The water evaporating from the soap must be allowed to dissipate. If this doesn't happen, a slick layer of glycerin and water will collect on the soap bars, which is a sign there isn't enough airflow. The wet surface of the soap can get marred with fingerprints, etc., simply because the soap is softer and easier to damage. This wetness is not rancidity nor mold, just to be clear, and it clears up nicely when the soap is able to dry off.

With a cloth cover, the airing-out and dissipation of moisture happens naturally without the soap maker's help.

If a plastic bag or plastic sheeting is used, you must air out the inside of the bag at least once a day for about two weeks to help the moisture dissipate. If you put each bar into individual plastic bags, it will take a lot of time to air out every one of those bags daily. Also the soap is at more risk of being damaged by all the handling and by the fact that you can't keep a small bag from touching the soap.

Just my two cents. I hope it gives you some useful ideas, Dixie.


----------



## TheGecko (Oct 20, 2020)

If pet hair is a challenge, go to the fabric store and buy some cheesecloth or lightweight muslin to lay across your curing soaps.  Both are thin enough to allow for air circulation.


----------



## GemstonePony (Oct 20, 2020)

DeeAnna said:


> Are you speaking in such absolutes based on what "everybody assumes to be true"? Or have you actually tried this to learn for yourself whether the soap goes rancid or gets moldy?
> 
> Honestly, I've done this. No, the soap doesn't go rancid. And, no, it doesn't get moldy either -- as long as the soap maker is smart about not putting large pieces of food (oatmeal, coarse coffee, flower petals, etc.) on or in the soap. But if that's the case, the soap might get moldy even if stored in the open air.
> 
> ...


For a while, I was sticking a bar from every batch in a medium sized cardboard box for long-term storage, spaced out within the box. I realized they each got DOS in around 3 weeks, compared to their open-air batch-mates which have none. All was kept in air-conditioned comfort. 3 different recipes, no food, back when I was using citric acid as the chelator with appropriate lye- I ceased the experiment before the 4th soap showed any signs. The box now holds my growing FO collection. I briefly experimented with putting a bar per soap box, for a few older bars, and also saw DOS, their open-air batch-mates still showing none. My interest in testing the experiment with Sodium Gluconate as the chelator is low.
I thought my sample size was sufficient for my confidence, but as your experience contradicts it, I'll amend my post.
Edited for clarity.


----------



## DeeAnna (Oct 20, 2020)

It's good to know you have put a fair bit of effort into testing this matter. Thank you for being willing to share your insights and experiences because that information gives authority to your opinions and advice.

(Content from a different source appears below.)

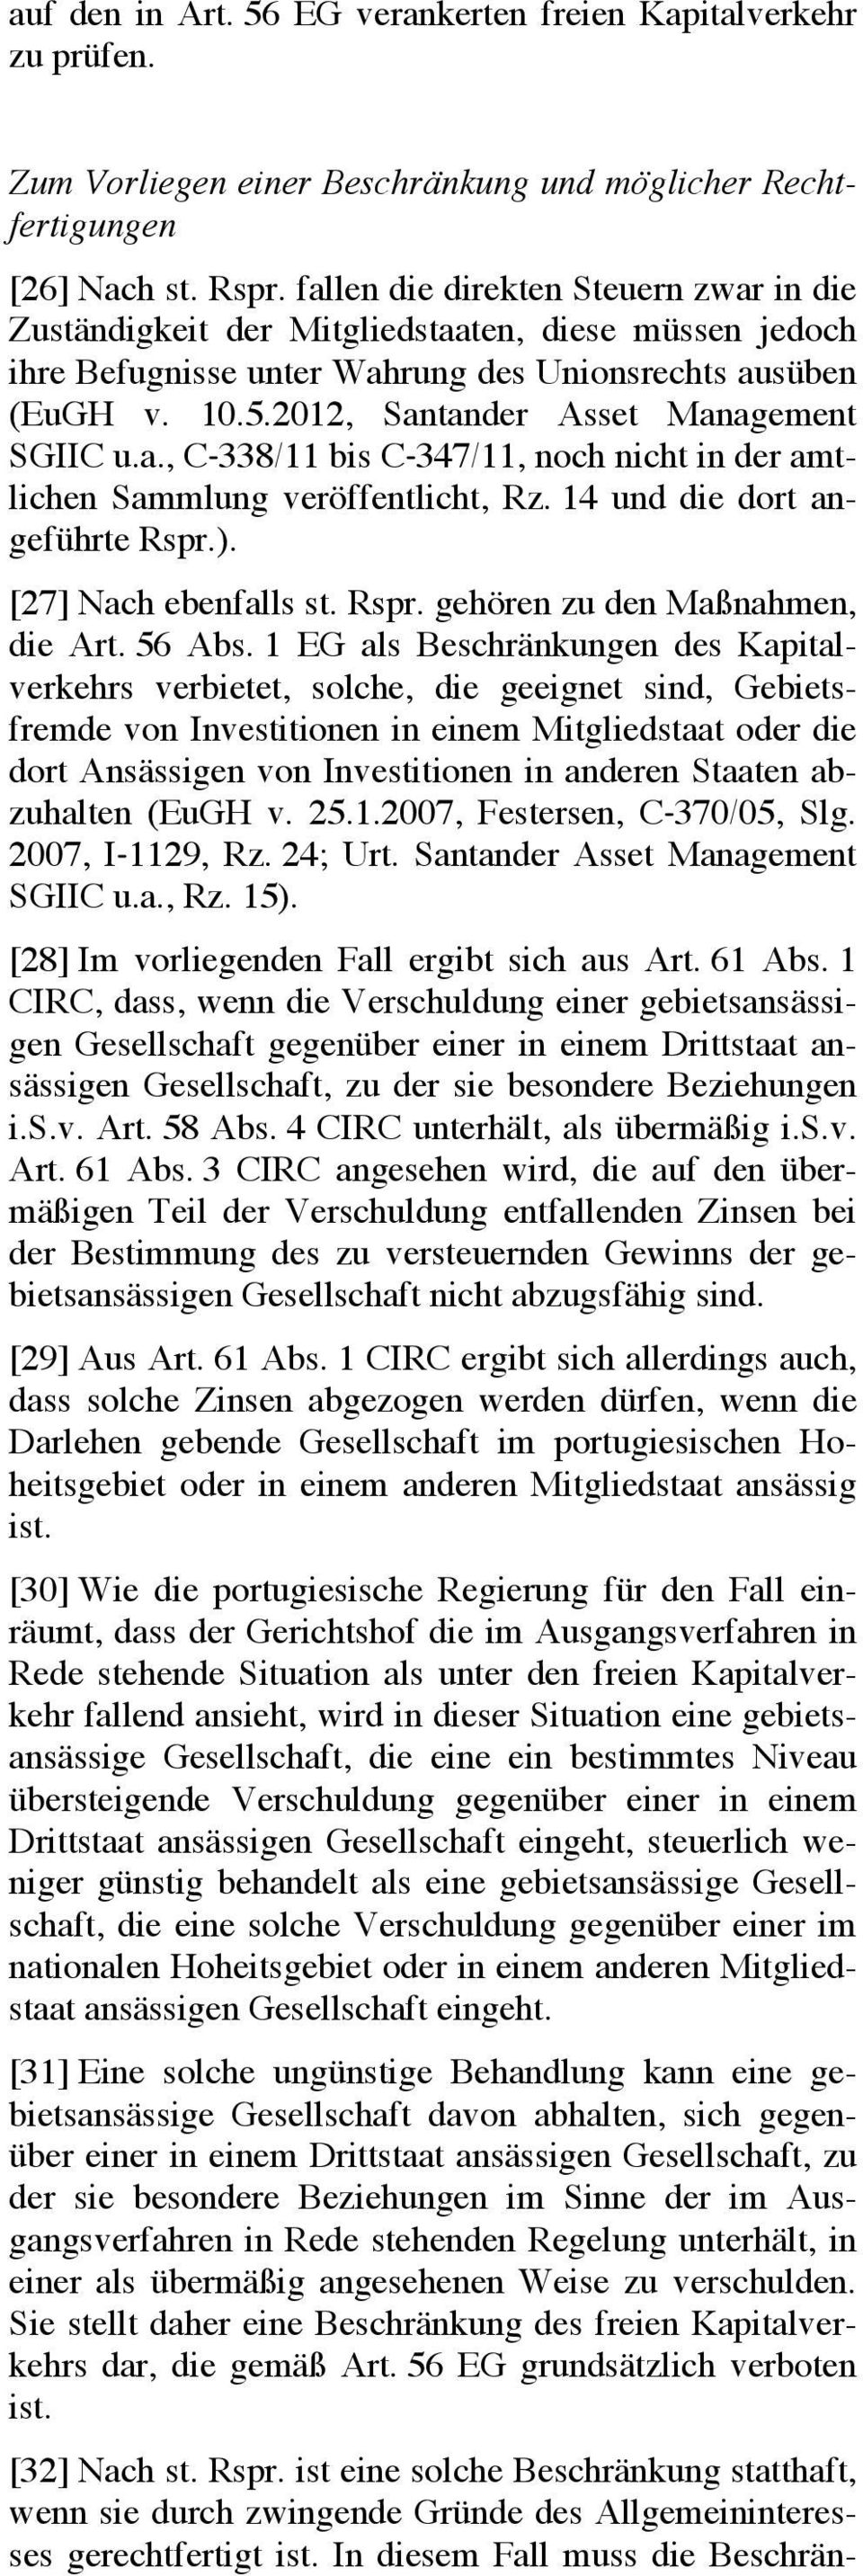 2012, Santander Asset Management SGIIC u.a., C-338/11 bis C-347/11, noch nicht in der amtlichen Sammlung veröffentlicht, Rz. 14 und die dort angeführte Rspr.). [27] Nach ebenfalls st. Rspr. gehören zu den Maßnahmen, die Art.

I think it's also good when a person can research what other people have learned from their experiences and experiments.

So many soap makers unfortunately do neither -- they rely on gut-level "common sense;" or they blindly accept "it's always been done that way, so that's the way it must be done;" or they assume something to be true based on just one limited experience. That's why I question a person's point of view when I hear "always" and "never" being used.

It's good we are able to pool our respective insights and results.


----------



## GemstonePony (Oct 20, 2020)

DeeAnna said:


> It's good to know you have put a fair bit of effort into testing this matter. Thank you for being willing to share your insights and experiences because that information gives authority to your opinions and advice.
> 
> I think it's also good when a person can research what other people have learned from their experiences and experiments.
> 
> ...


Thank you, and in editing my post I was surprised by how definite I was. I must have been typing hangry, because I usually try to leave room for discussion.  And over lunch it occurred to me that I probably haven't shared my compact soap storage DOS woes, because it seemed like such a clear pattern that I was never really scratching my head about what I was seeing, so your consternation about my viewpoint and my tone were more than justified.


----------



## DeeAnna (Oct 20, 2020)

I got started with my "cure soap in a plastic bag" project because I wanted to learn what happens if I slowed the rate of evaporation during the first few days after CP soap is cut and put away to cure.

One thing I wondered -- If I slowed the initial rate of evaporation, would the soap get less ash -- either soda ash or soap crystal ash?

This ash seems to form during saponification or in the first few days after the bars are cut. My soap tends to form a haze of soap crystal ash on the bar tops -- I don't normally see soda ash. I don't want to steam or wash or spritz the soap -- too much fiddling for me. But what if there's a lazy woman's way to deal with ash?

Another thing I was wondering about was if I slow the rate of evaporation, would that also preserve a higher amount of scent in the soap?

I use fragrances that stick and are strong, but if it's possible to minimize the loss of scent during cure, then my customers and friends will get a "stinkier" soap, and that will make them happy. And perhaps I can get by with using a little less fragrance, reduce my costs a bit, and that will make me happy.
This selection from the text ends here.